La Cour criminelle sentence un accusé et non un crime
6 mai 2009En droit criminel, lorsqu’un individu est condamné pour une infraction criminelle, le ou la Juge doit décider quelle est la sentence (ou la peine) appropriée en considérant toutes les circonstances : celles qui entourent le crime lui-même mais aussi celles qui révèlent qui est l’accusé.
Ces jours-ci, l’on fait grand cas de sentences prononcées par la Cour criminelle qui n’ont pas reçu l’approbation des média ou du public. Que ce soit le réputé chroniqueur Yves Boisvert discutant de la sentence de Peter Niedzielski, son collègue de la LaPresse Patrick Lagacé ou encore la médiatisation entourant la sentence du meurtrier de Francesca St-Pierre on sent bien une incompréhension du public et des critiques sévères des observateurs de la scène judiciaire.
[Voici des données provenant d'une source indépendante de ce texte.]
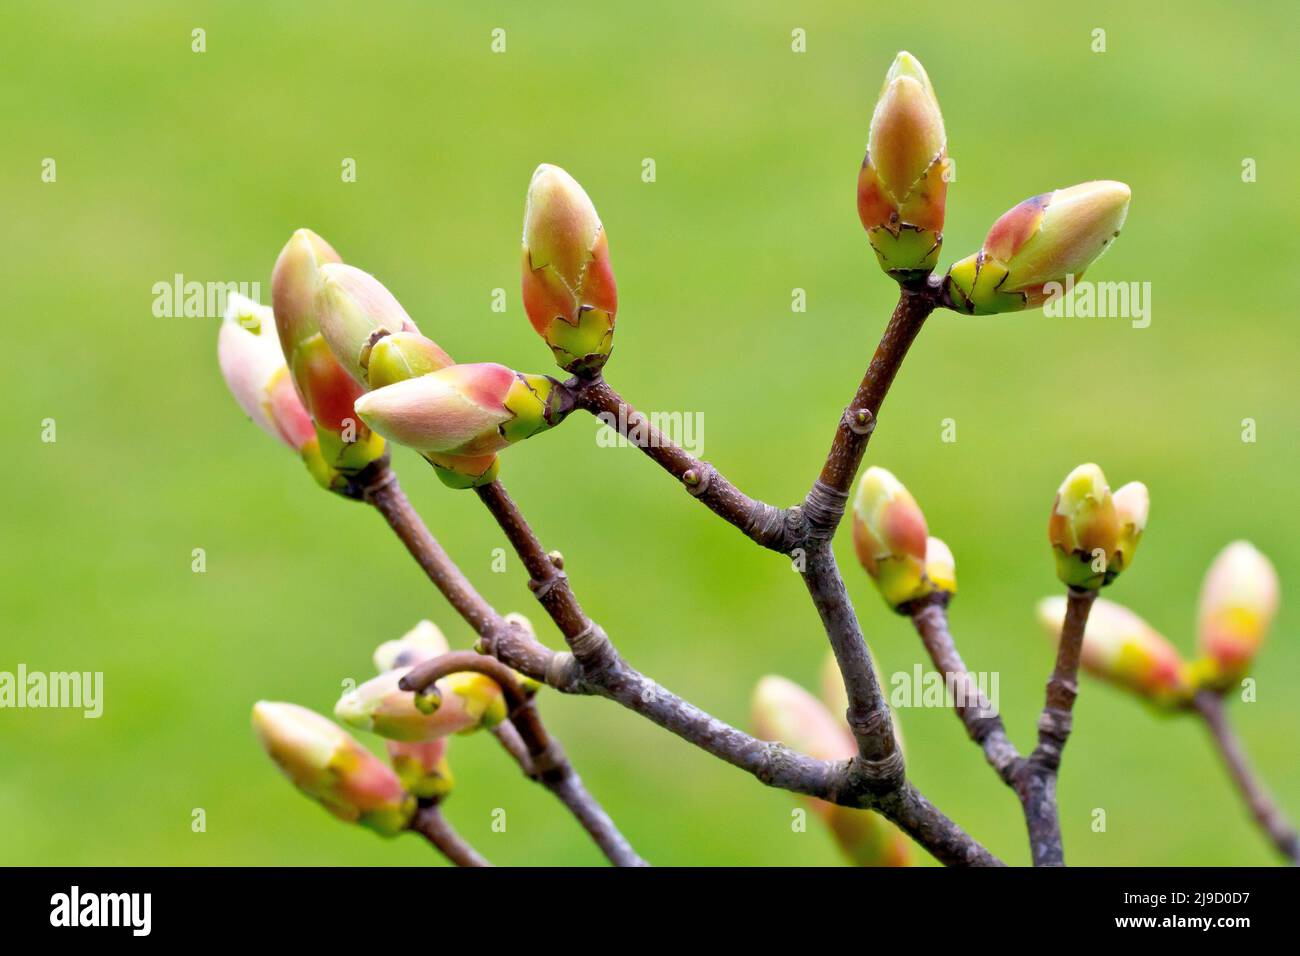 Sycamore (acer pseudoplatanus), close up of several leaf buds on the verge of opening up, isolated against a green background. Stock Photo

Pourtant, il suffit d’assister à quelques séances de la Cour criminelle, lors de représentations sur sentence, pour constater combien les juges évaluent, soupèsent, réfléchissent, écoutent les avocats, les victimes, les experts, les accusés afin de déterminer de la sentence juste et appropriée. Chaque sentence est confectionnée sur mesure, en tenant compte des articles du Code criminel qui encadrent le prononcé de la peine, des plaidoiries des avocats de la défense et de la poursuite, de l’état de la jurisprudence.
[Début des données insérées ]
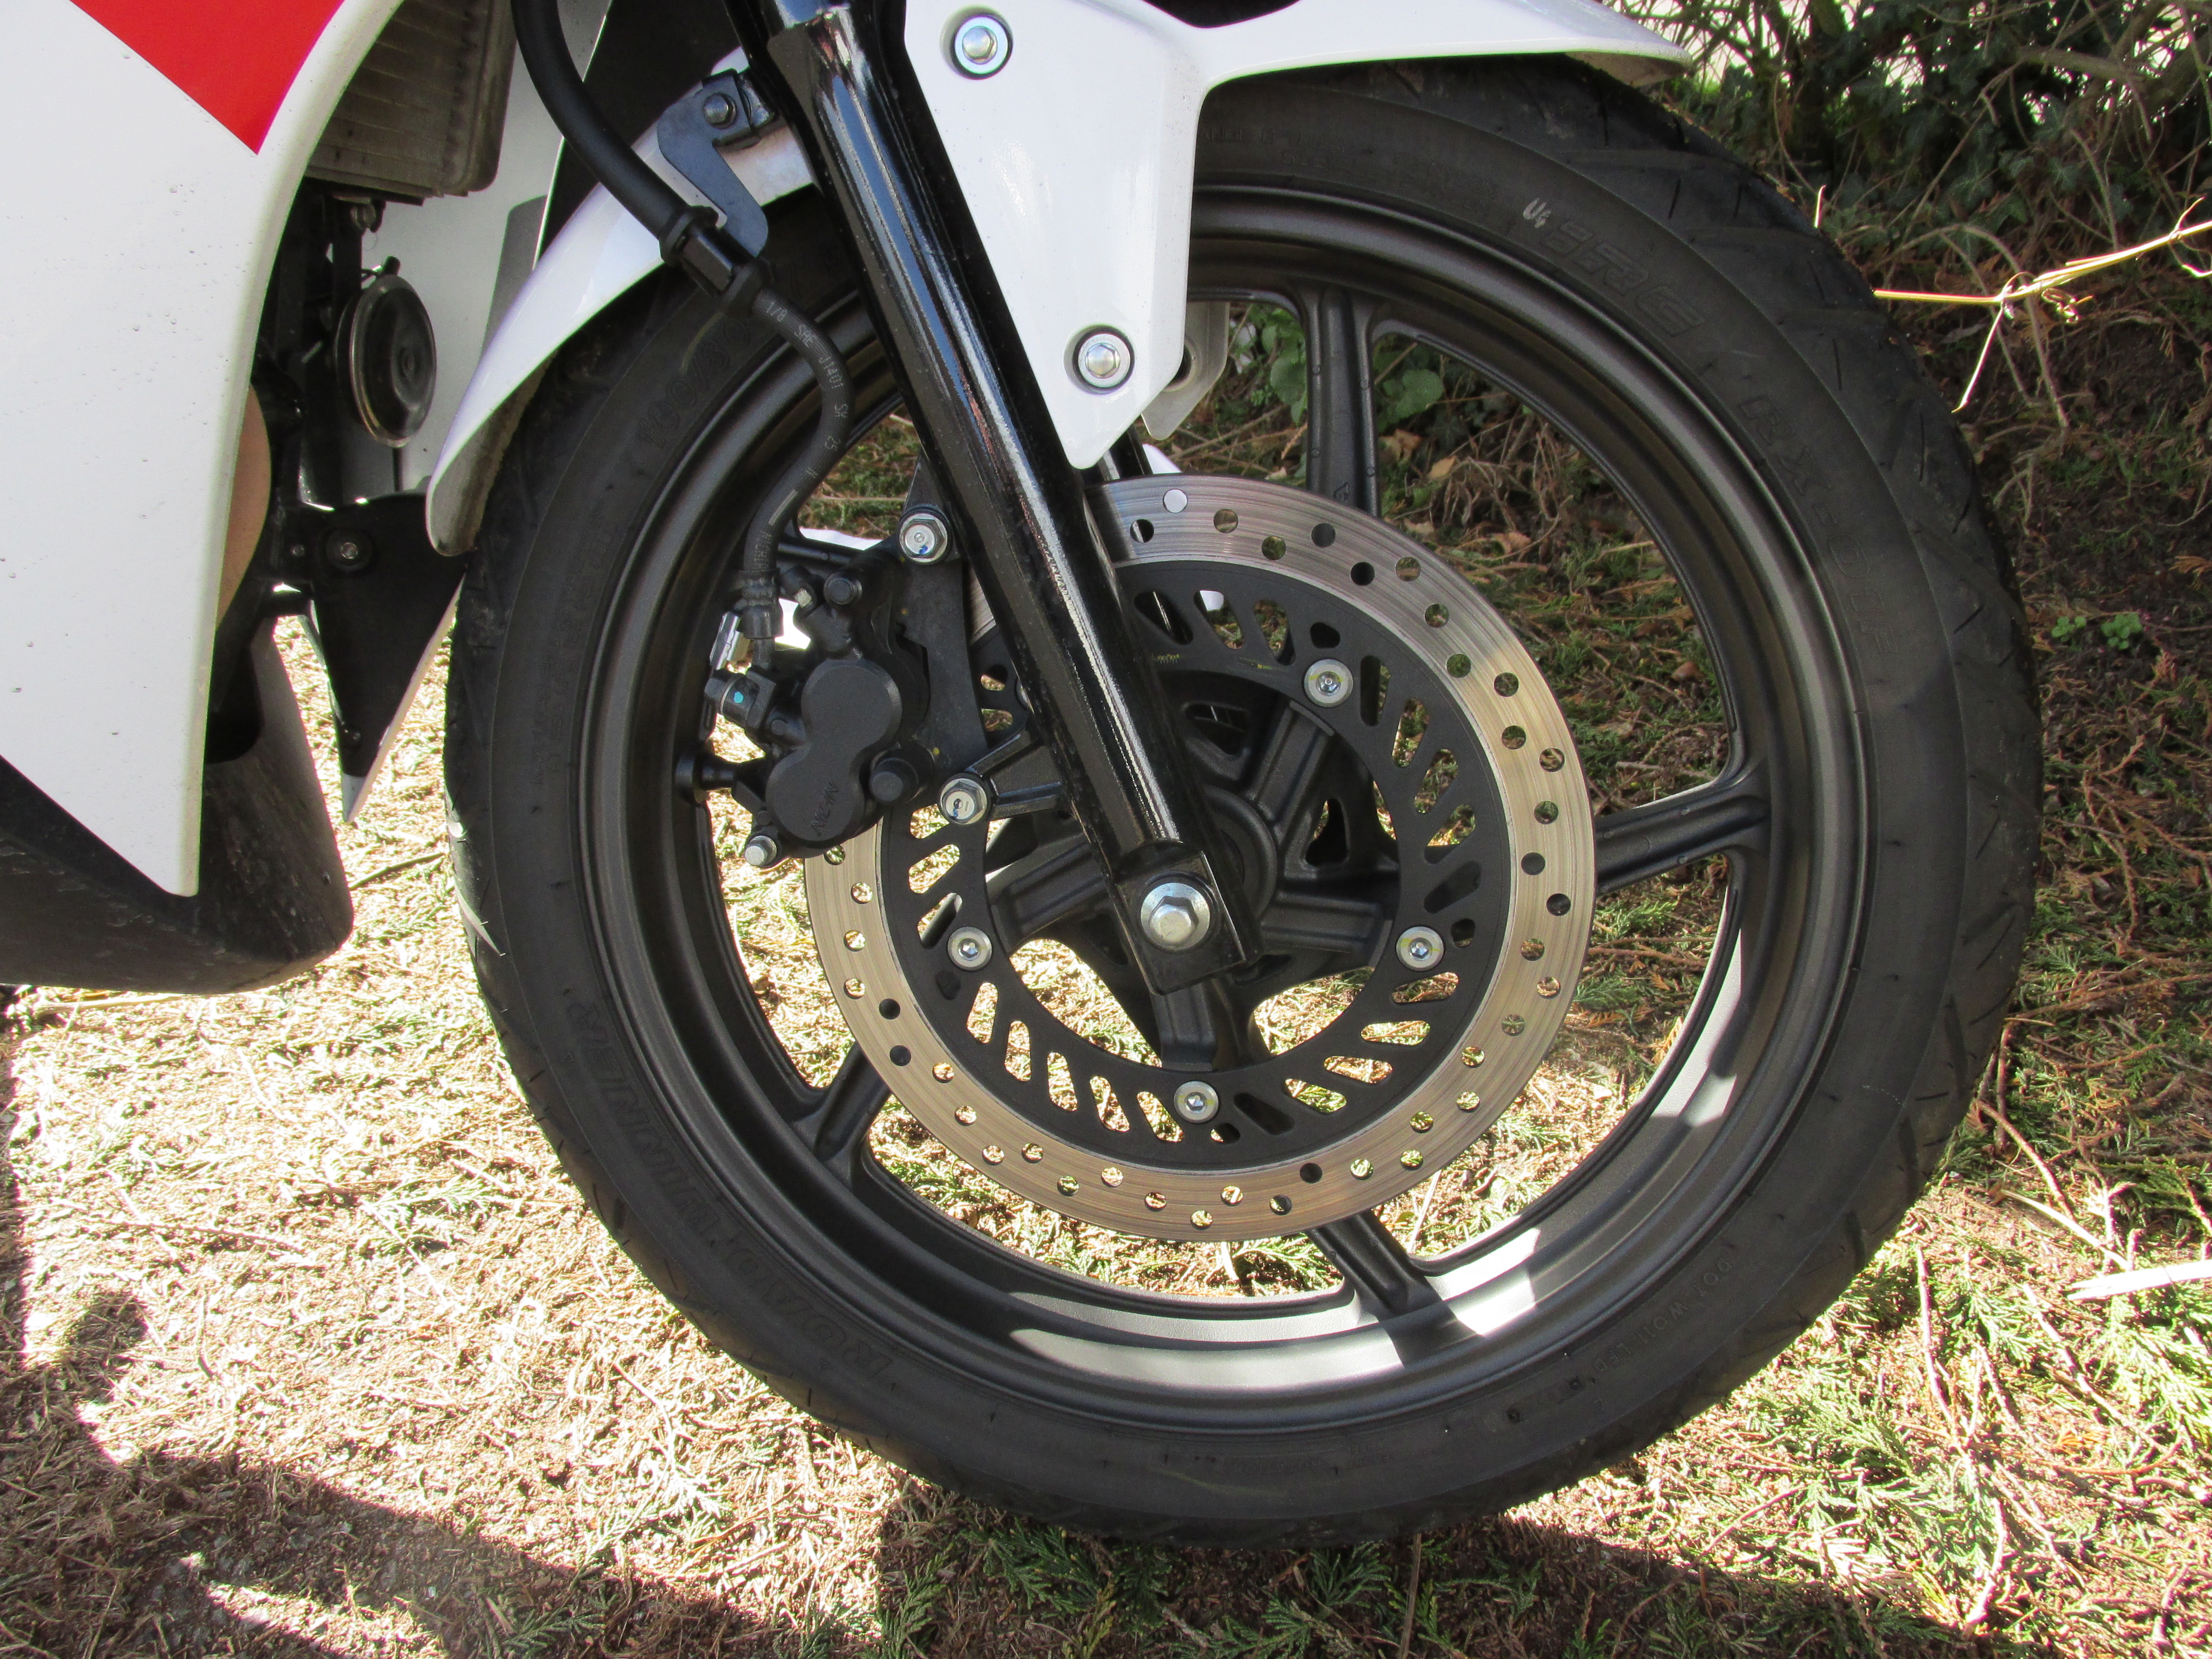 Review: One week with a Honda CBR125R

La loi n’est pas simple, la jurisprudence est souvent abondante, les critères à appliquer sont nombreux et complexes. Il est normal que les sentences puissent être souvent mal comprises par le public. Elles sont le résultat d’une concoction adaptée au crime commis mais aussi à l’individu accusé. C’est souvent à cette étape que les critiques sont le plus virulentes, les reproches les plus acides.
Pourtant, la loi prévoit que l’on doit sentencer un individu et non un crime. Le sentiment de vengeance qui peut habiter certaines victimes ou certains proches de victimes d’agression sexuelle, de pédophilie, de vol qualifié, de meurtre est un sentiment légitime qui commande la compassion pour leur souffrance.
Toutefois, en rendant sentence le Juge applique la loi. Et ce, malgré les incompréhensions que sa décision peut soulever, car il ne cherche ni la popularité ni la reconnaissance.